In reply to: Amit Langote (#60)

Re: progress report for ANALYZE

On Wed, Jan 22, 2020 at 03:06:52PM +0900, Amit Langote wrote:

Oops, really attached this time.

Thanks, applied. There were clearly two grammar mistakes in the first
patch sent by Justin. And your suggestions look fine to me. On top
of that, I have noticed that the indentation of the two tables in the
docs was rather inconsistent.
--
Michael

#62

Alvaro Herrera

alvherre@2ndquadrant.com

almost 6 years ago

In reply to: Tatsuro Yamada (#58)

Re: progress report for ANALYZE

On 2020-Jan-22, Tatsuro Yamada wrote:

Thanks for reviewing and committing the patch!
Hope this helps DBA. :-D

I'm sure it does!

P.S.
Next up is progress reporting for query execution?!

Actually, I think it's ALTER TABLE.

Also, things like VACUUM could report the progress of the index being
processed ...

--
ï¿½lvaro Herrera https://www.2ndQuadrant.com/
PostgreSQL Development, 24x7 Support, Remote DBA, Training & Services

#63

Amit Langote

amitlangote09@gmail.com

almost 6 years ago

In reply to: Alvaro Herrera (#62)

Re: progress report for ANALYZE

On Fri, Jan 24, 2020 at 6:47 AM Alvaro Herrera <alvherre@2ndquadrant.com> wrote:

On 2020-Jan-22, Tatsuro Yamada wrote:

P.S.
Next up is progress reporting for query execution?!

Actually, I think it's ALTER TABLE.

+1. Existing infrastructure might be enough to cover ALTER TABLE's
needs, whereas we will very likely need to build entirely different
infrastructure for tracking the progress for SQL query execution.

Thanks,
Amit

#64

Tatsuro Yamada

tatsuro.yamada.tf@nttcom.co.jp

almost 6 years ago

In reply to: Amit Langote (#63)

Re: progress report for ANALYZE

Hi,

On 2020/01/24 23:44, Amit Langote wrote:

On Fri, Jan 24, 2020 at 6:47 AM Alvaro Herrera <alvherre@2ndquadrant.com> wrote:

On 2020-Jan-22, Tatsuro Yamada wrote:

P.S.
Next up is progress reporting for query execution?!
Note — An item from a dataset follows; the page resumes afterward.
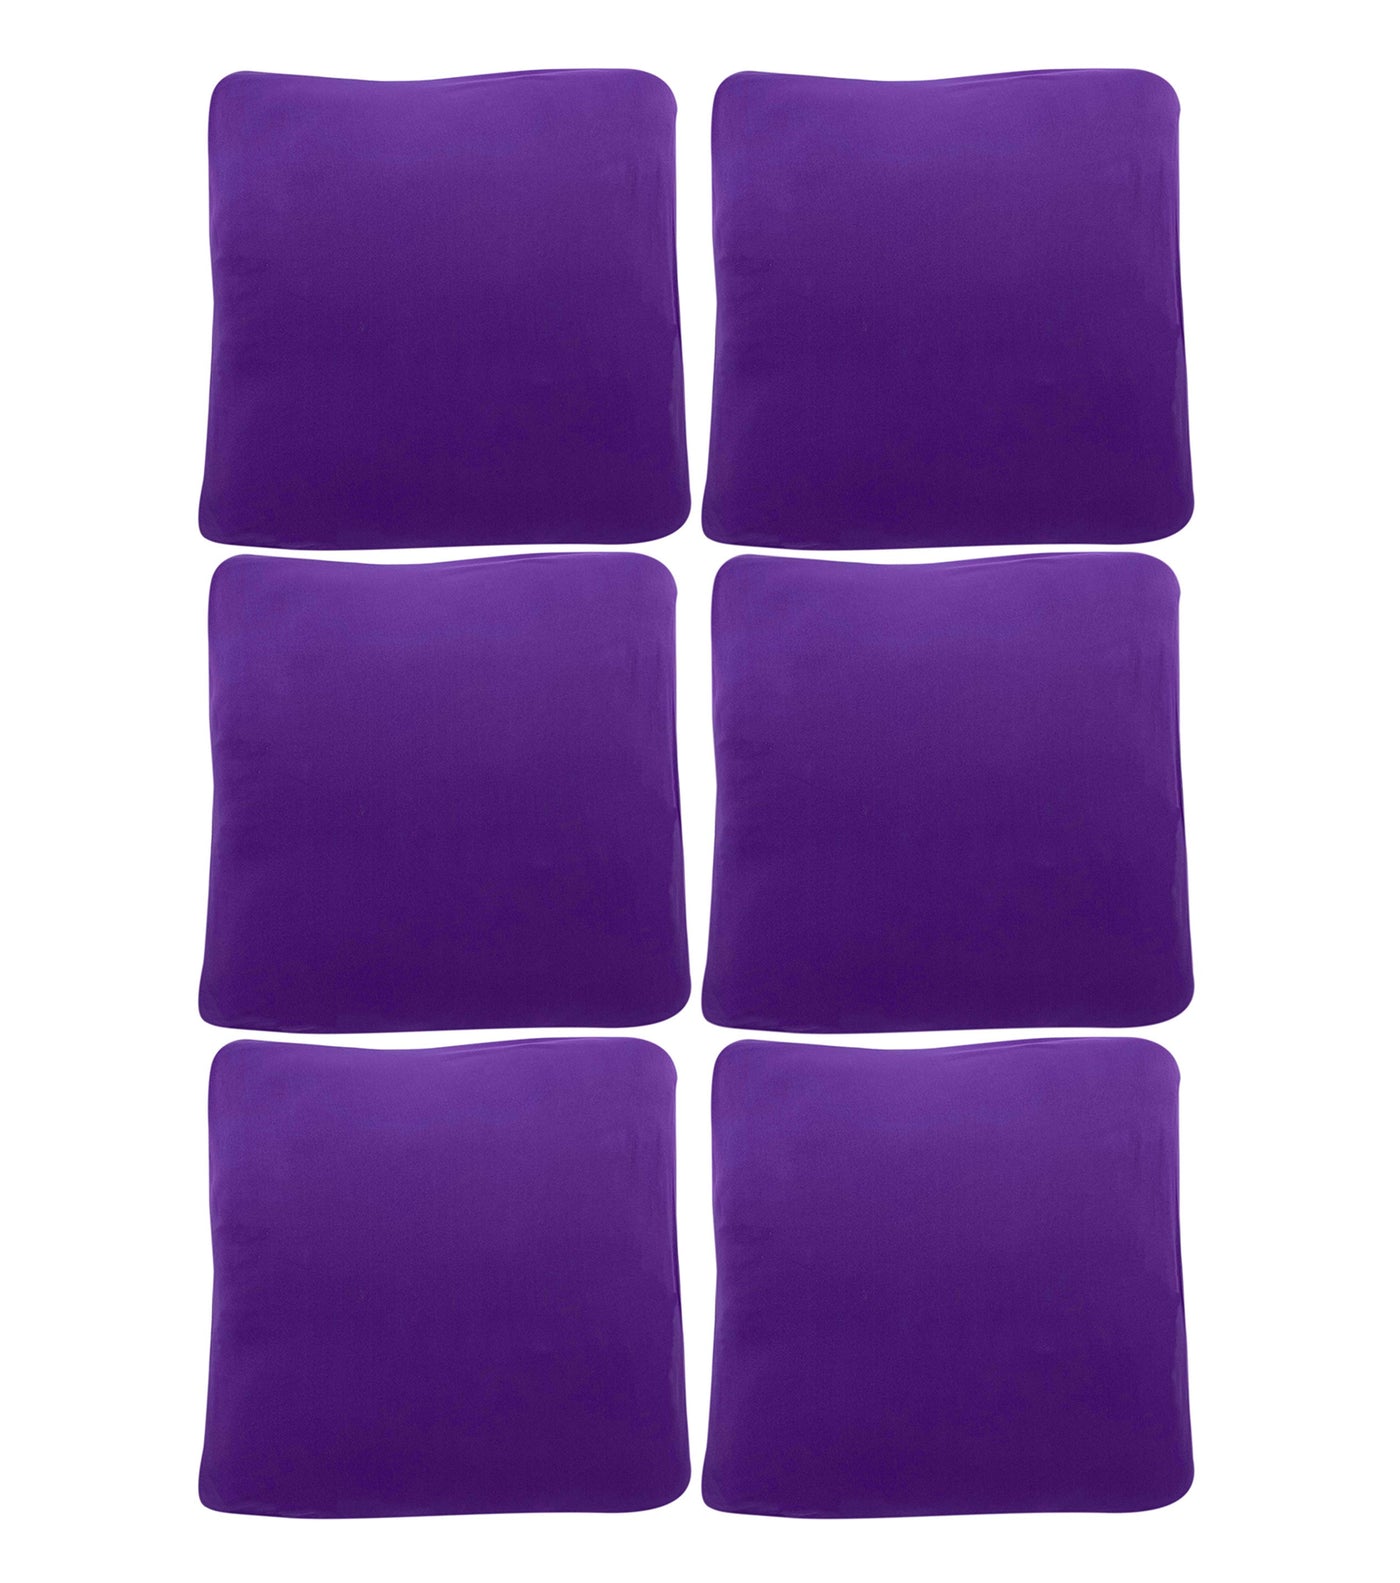 Polyester Cushion Cover - Grape

Actually, I think it's ALTER TABLE.

+1. Existing infrastructure might be enough to cover ALTER TABLE's
needs, whereas we will very likely need to build entirely different
infrastructure for tracking the progress for SQL query execution.

Yeah, I agree.
I will create a little POC patch after reading tablecmds.c and alter.c to
investigate how to report progress. :)

Regards,
Tatsuro Yamada